Rear seats are marked improvements over the '06's. There's more definition in the cushions, the seat bottoms are deeper and now there are 3 head out restraints, all adjustable. The fold-down, center armrest in the ES and GTS is more stable as opposed to it looks, which means everyday driving isn't prospective to spill the kids' soda pop.

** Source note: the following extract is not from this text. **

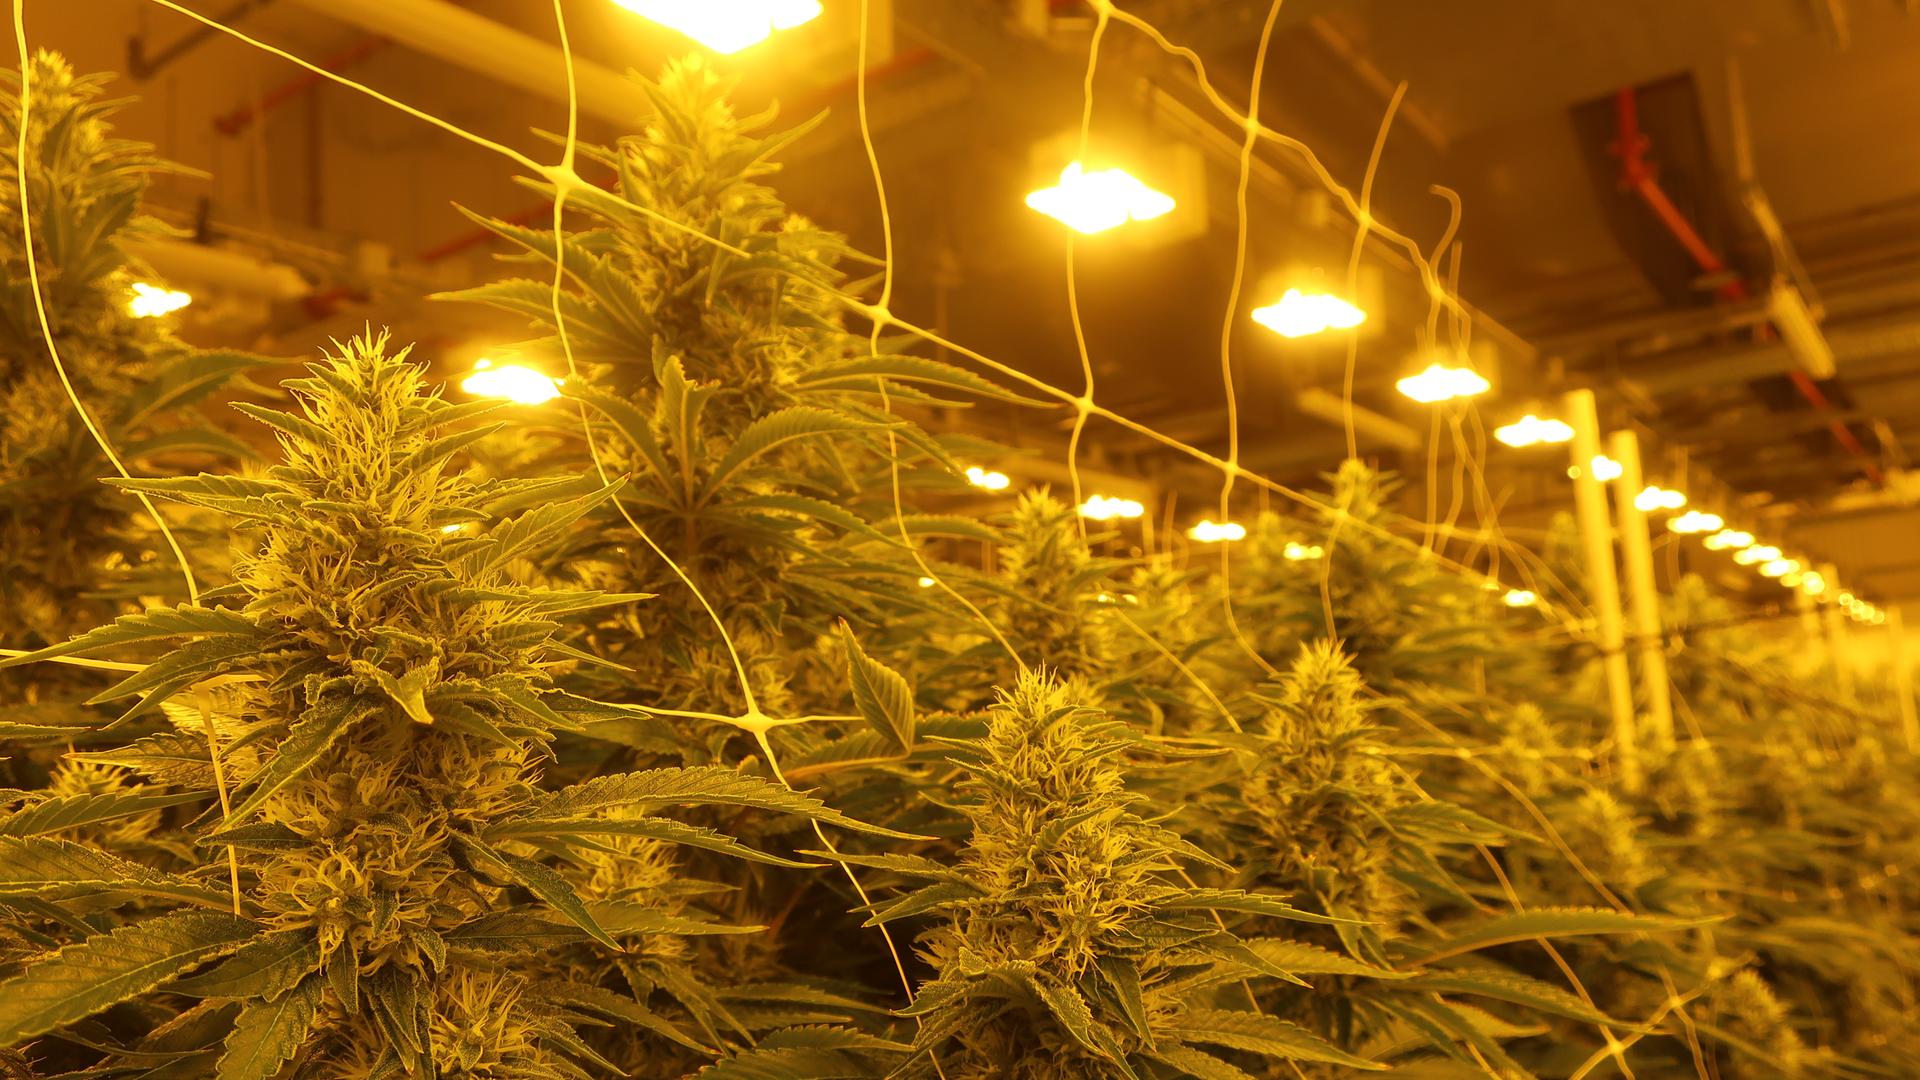 Cannabispflanzen in einem Blüteraum.

By the numbers, the 2008 Lancer causes the numerous of its more than two inches of added width within the '06. Careful packaging of interior facets and trim permits the majority of of the present two inches to front seat hiproom and adds basically twice the current to rear seat hiproom. This parks the new Lancer smack in the middle of the pack on this measurement. The Nissan Sentra, the Hyundai Elantra and the Mazda 3 best it, and the Honda Civic, the Toyota Corolla and the Ford Focus fall a bit short. Otherwise, the '08 Lancer could be within an inch plus or minus of the '06 in headroom and legroom front and rear. Versus the competition, the new Lancer once again splits the adjustment in front seat legroom but ratings near the top in rear seat legroom. All the way in the back, the Lancer's trunk betters only the Mazda 3's 11.4 cubic feet and whores up about 3 cubic feet to the most-commodious-in-class Ford Focus's 14.8 cu. ft.

Driving Impressions
For the various part, the new MitsubishiLancer's static-mode idiosyncrasies exhaust significance once the car is in motion. This holds whether the movement is in the channel of fun or work, as the car is equally comfortable and competent on arrow-straight interstates or grapevine-twisted back roads.

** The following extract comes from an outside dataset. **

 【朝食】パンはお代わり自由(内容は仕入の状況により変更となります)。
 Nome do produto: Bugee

Steering response is decent, if not sparkling, truly on folks coming back roads, as the new Lancer is likely to waste some concentration when pointed straight to come for for a while now stretches. For a front-wheel force sedan, it tracks well with corners, in on no astronomical person lean.

The GTS, of course, is the most recomensing driver, amid firmer coil springs, news absorbers and bushings and perfect stabilizer bars than the DE and ES models. The stiffness added by the cross brace on the front suspension towers is tangible in a quicker, more and more precise steering response. Interestingly, however, the GTS' sporty front seats do not add much by way of lateral substantiation within the duration of the ES' buckets.

In ride and handling, two of the competitive brands stand out: the Civic, providing its longer wheelbase (by around two-and-one-half inches), has a smoother ride just generally, but several notably over weather-induced pavement heaves, and the Mazda 3 is a sportier drive.Throttle response is respectable for the class. Only the Mazda 3's top engine pumps out more horsepower (160 vs. the Lancer's 152), but the Lancer is the heaviest of the class, amid the GTS only topping 3000 lbs. Brake pedal feel is firm in the ES, even supplementary so in the GTS, that becomes the Outlander's large discs.

The manual transmission's shift lever requires a bit of a stretch to reach third gear and fifth gear with the driver's seat comfortably positioned for a six-foot tall driver. And the juxtaposition of the brake pedal and accelerator force an awkward ankle contortion to effect a heel-and-toe double-clutch on a downshift. In the GTS amid the Sportronic, the manual up/down choice slot opens to the driver's side of the shift gate, that Other drivers find larger number of normal than away throughout to the passenger's side. This certainly isn't as much an matter in the GTS, however, what in those handy steering column levers.

In all odds due in no diminutive side to that aforementioned weight penalty, the '08 Lancer rather much brings up the rear in power economy. For example, the less important engine in the 200 lb.-lighter Toyota Corolla instigates six more horsepower but betters the Lancer by thre miles per gallon in the city and by seven miles per gallon on the highway, according to EPA estimates. And the more powerful Mazda 3, weighing roughly 100 lbs. less than the Lancer, comes out down the road by 3 mpg and two mpg, city and highway respectively.

The new, 2008 Mitsubishi Lancer may not be the several attractive, the several popular, the most powerful, the most miniature or the several fun-to-drive in the affordable, compact sedan class. But in every of folks measures, it is second in sequence or at the very least competitive. That instigates it well market worth a look when shopping for a car in this class.